------ DATA BLOCK ------
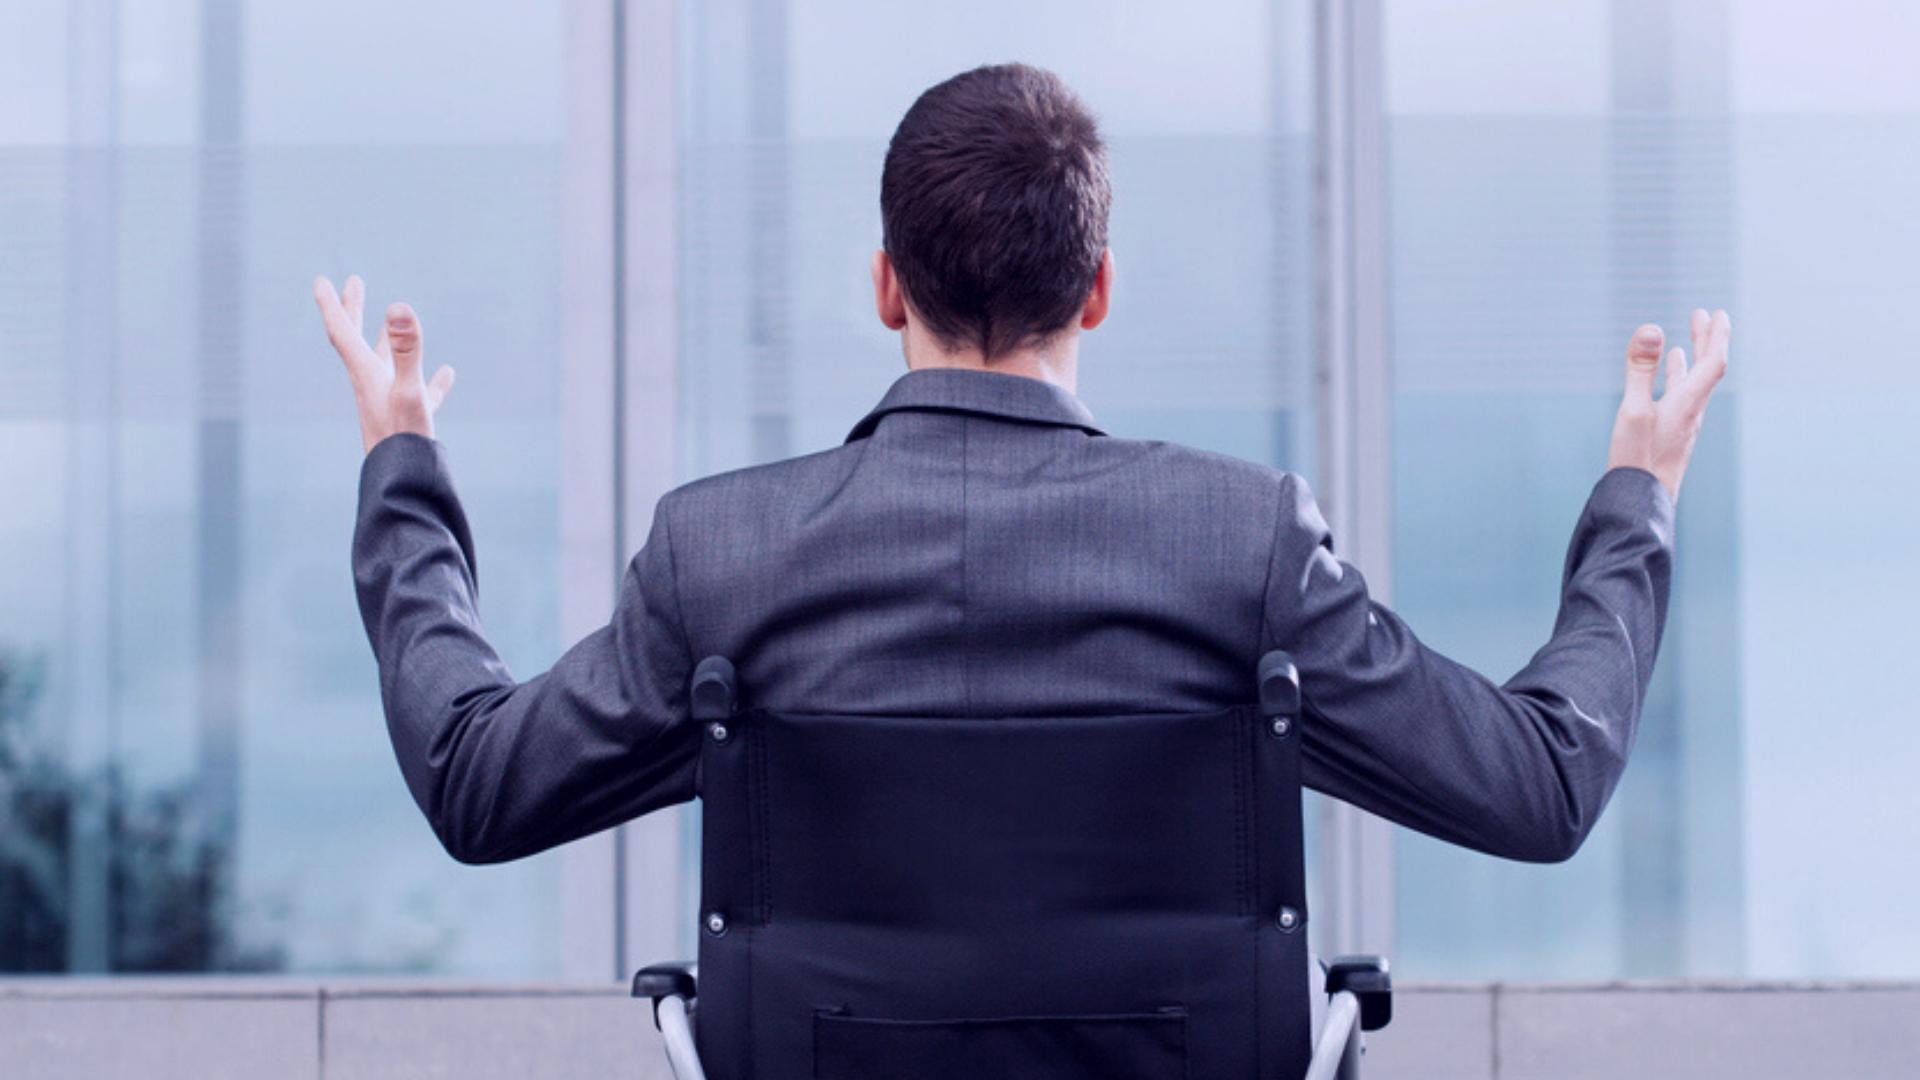 Access Rating | Handicap Access Rating | Disabled Access Reviews
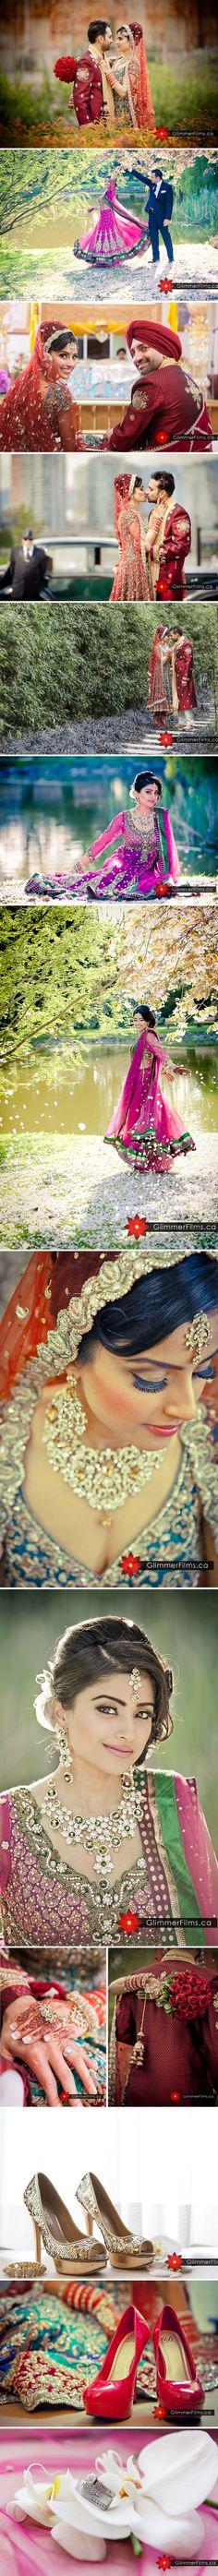 Indian wedding photography. Couple photo shoot ideas. http://tinyurl.com/pkm7khr
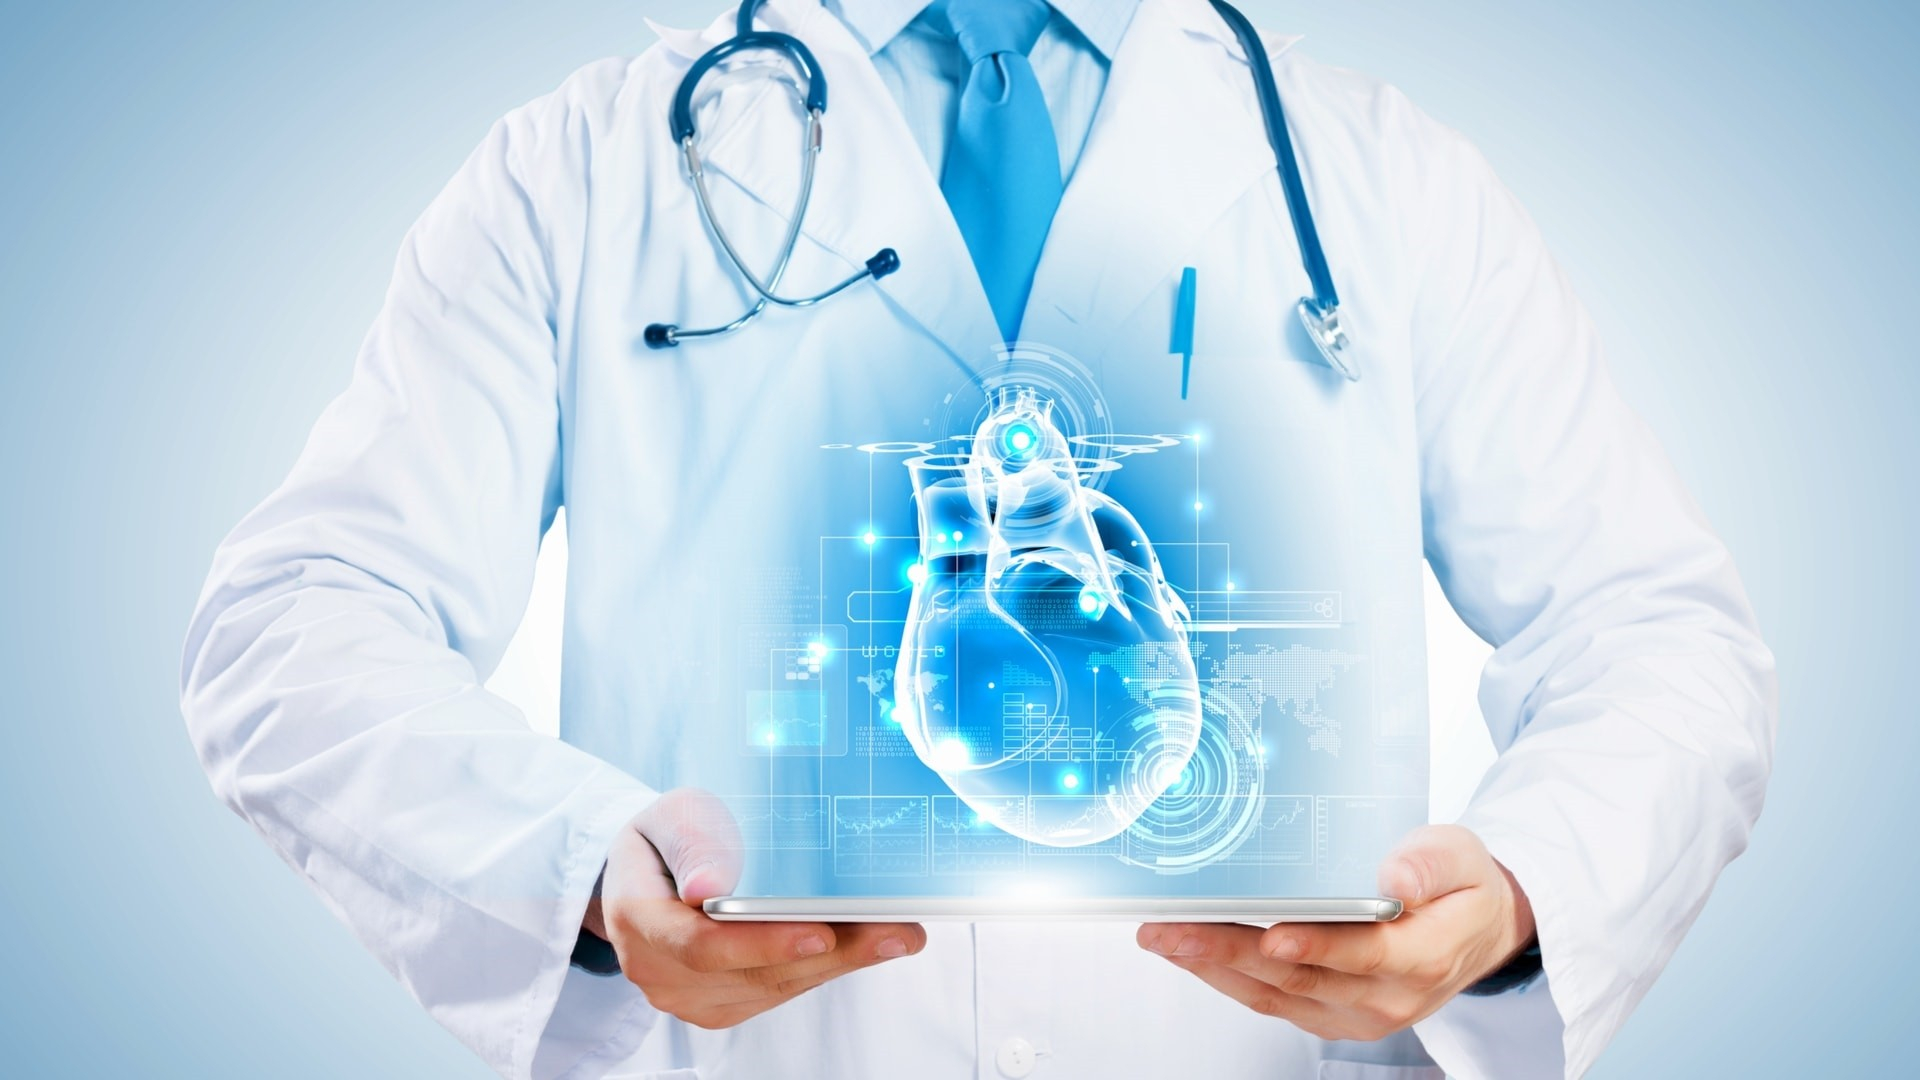 Medical Wallpaper
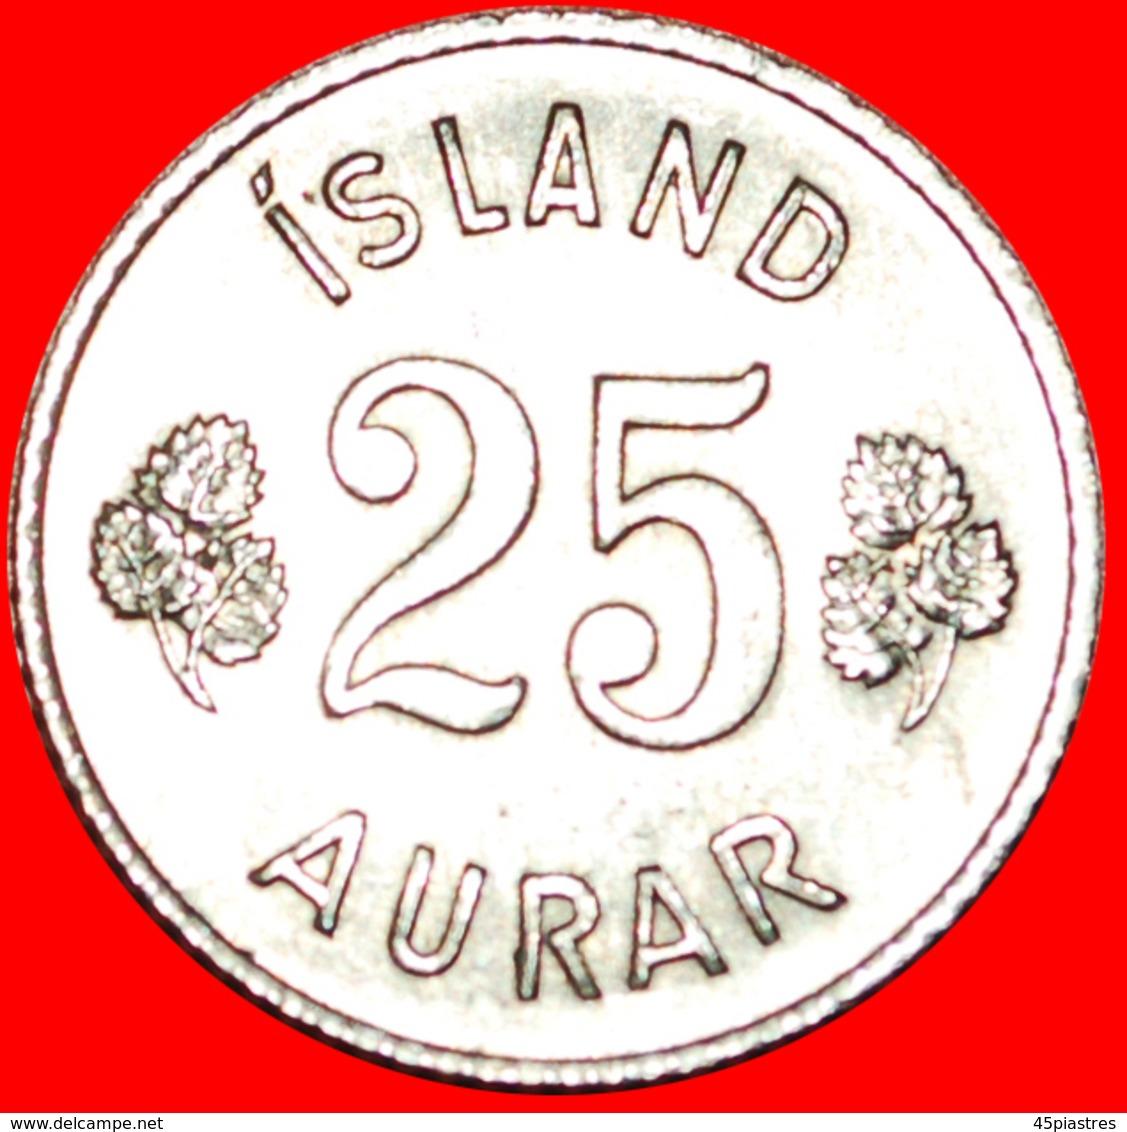 + GREAT BRITAIN BIRCH (1946-1967): ICELAND ★ 25 ORE 1967 MINT LUSTER! LOW START ★ NO RESERVE! - Islandia
------
- YOUR GOAL
Could you set down the data exactly as given, minus its pictures?

- SOLVED EXERCISE
 Access Rating | Handicap Access Rating | Disabled Access Reviews
 Indian wedding photography. Couple photo shoot ideas. http://tinyurl.com/pkm7khr
 Medical Wallpaper
 + GREAT BRITAIN BIRCH (1946-1967): ICELAND ★ 25 ORE 1967 MINT LUSTER! LOW START ★ NO RESERVE! - Islandia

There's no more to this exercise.